A atitude do Papa Bento XVI acabará por produzir frutos: "existe uma vontade real de erradicar o problema [da pedofilia do seio da Igreja]. Dói, como quando se cura uma infecção, mas o resultado só pode ser positivo. Para as pessoas sérias, essa é a notícia".

13.3.10

Pedofilia

Um só caso de pedofilia é uma tragédia. É dos actos mais repugnantes e baixos aos quais pode chegar a miséria humana.
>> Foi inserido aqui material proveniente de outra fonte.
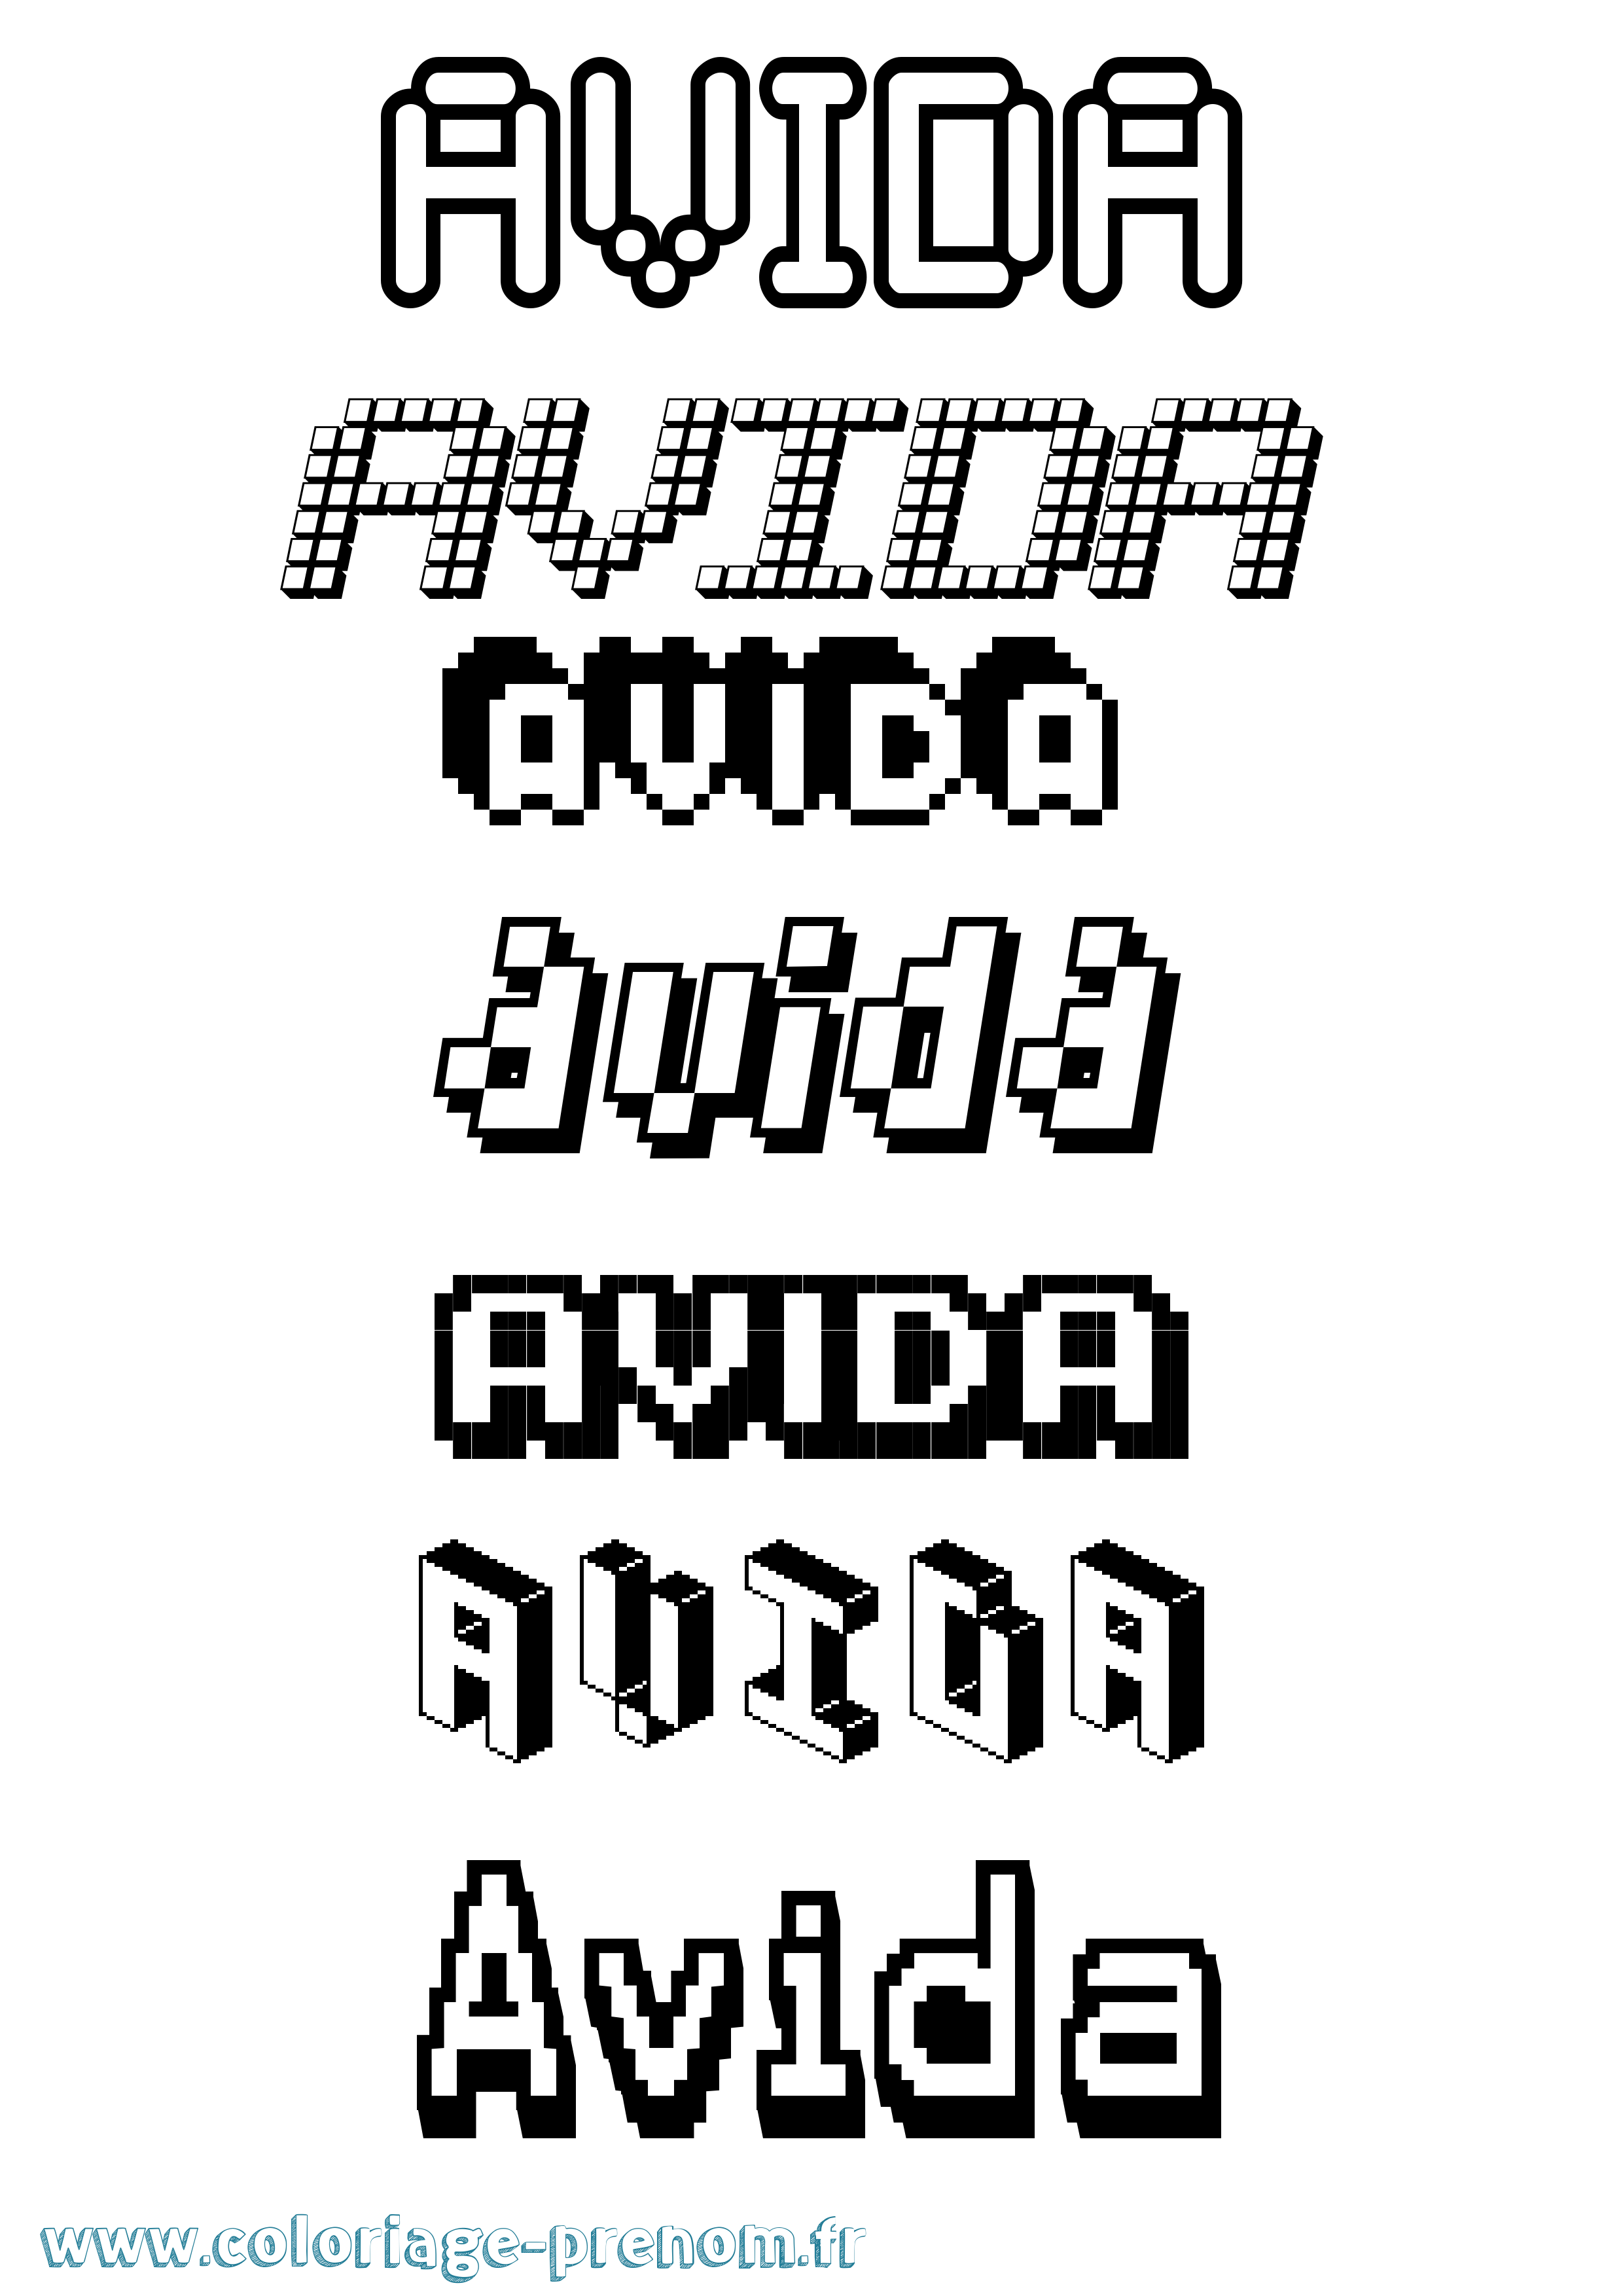 Coloriage prénom Avida Pixel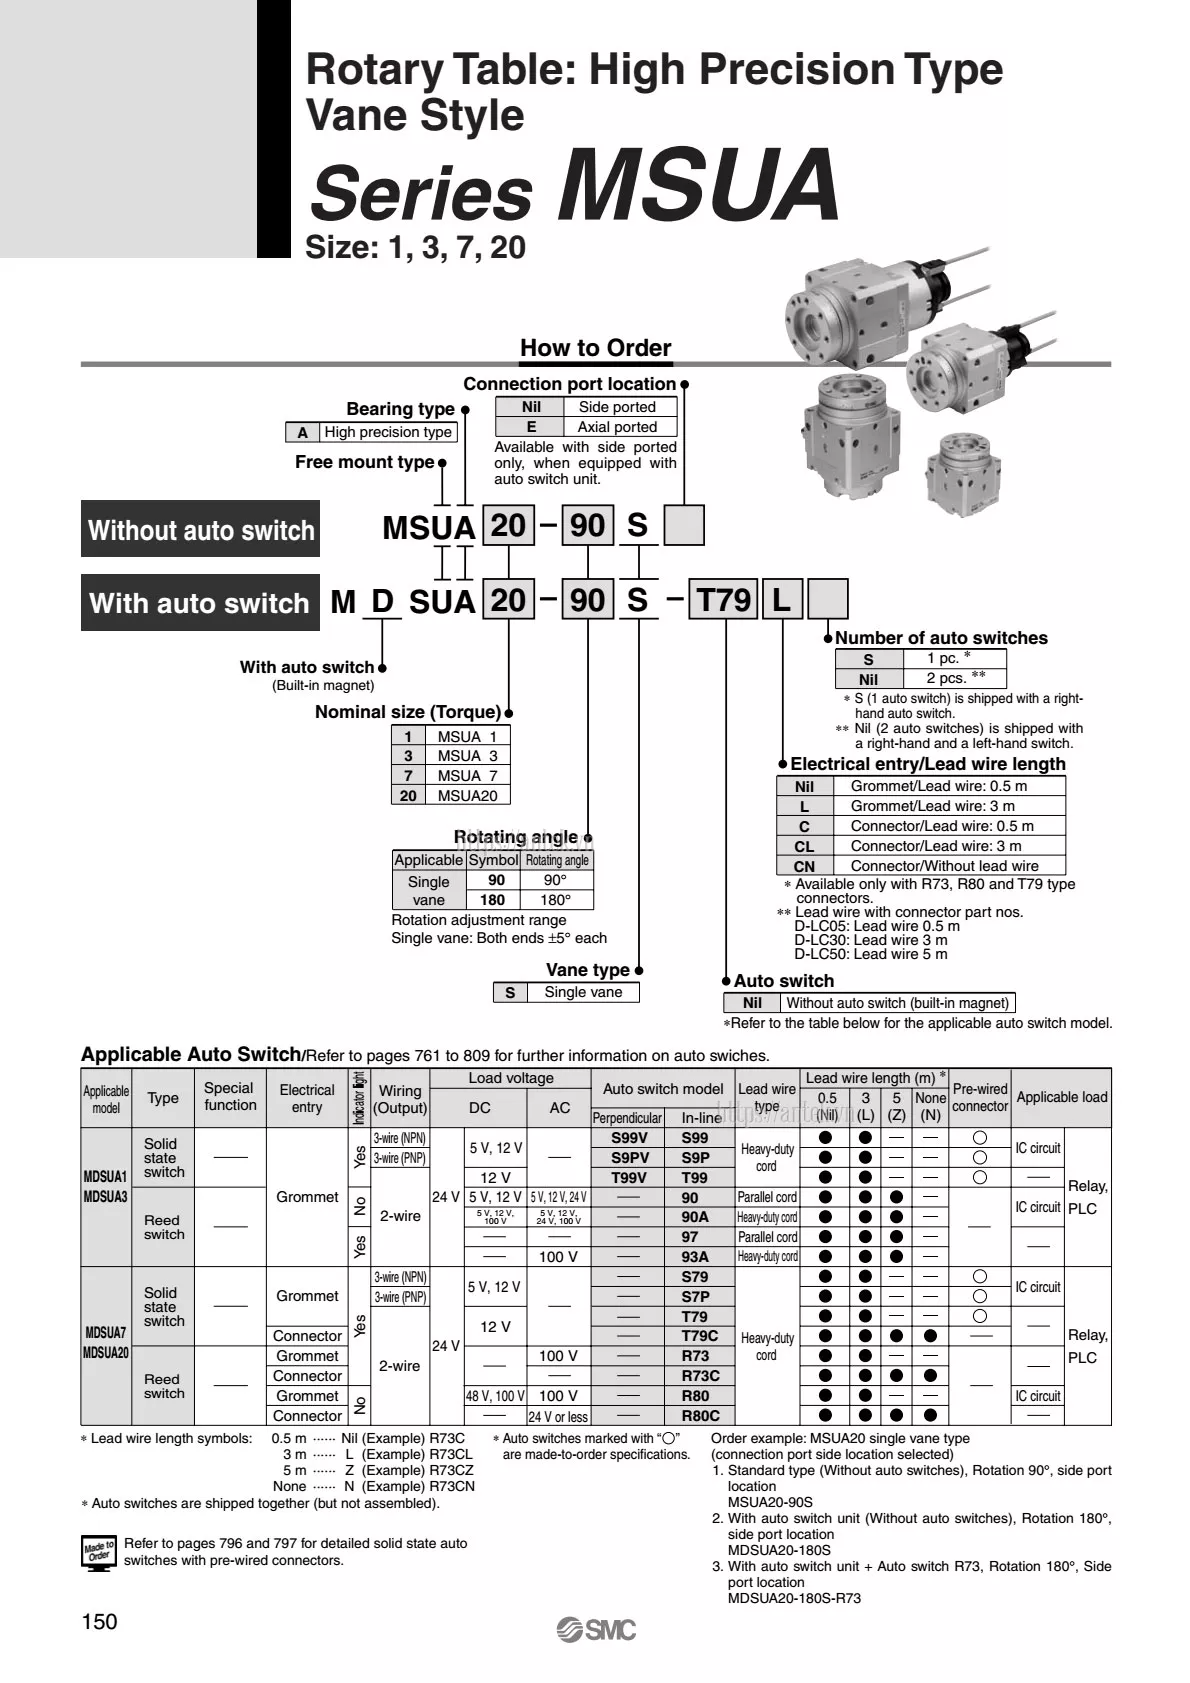 Thông số đặt hàng Xi lanh CDRBU2W15-180S

Seja quem for que cometa um acto de pedofilia, merece a mais viva condenação de todos, e deve ser impedido de estar em condições de repetir actos dessa natureza.

A Igreja, desde sempre, e cada vez mais nos últimos tempos, tem repetido aquilo que defende: que qualquer acto de abuso de uma criança é um pecado que brada aos Céus e que, portanto, nunca pode ser permitido em qualquer circunstância, seja por quem seja. Fruto disso, os crimes relativos a actos de pedofilia por parte de membros da Igreja, sejam eles clérigos, religiosos ou leigos, sempre foram punidos com penas muito severas, na consciência que os mais fracos, ou seja, as crianças, devem ser sempre protegidas e defendidas.

Em tempos não muito longínquos na vida da Igreja, dá-se agora conta que essa legislação (que sempre existiu) não foi aplicada como deveria ter sido, e isso deve-se a vários factores: por um lado, um certo receio da autoridade eclesiástica em investigar a fundo os possíveis casos de abusos entre crianças e de agir com medidas preventivas e, se os factos se comprovassem, com medidas coactivas; por outro lado, um erróneo entendimento sobre a necessidade e o valor das penas canónicas; por fim, a tentação de abafar possíveis casos de pedofilia cometidos por membros do clero pode, nalguns momentos, ter sido maior do que a absoluta necessidade de defender as crianças.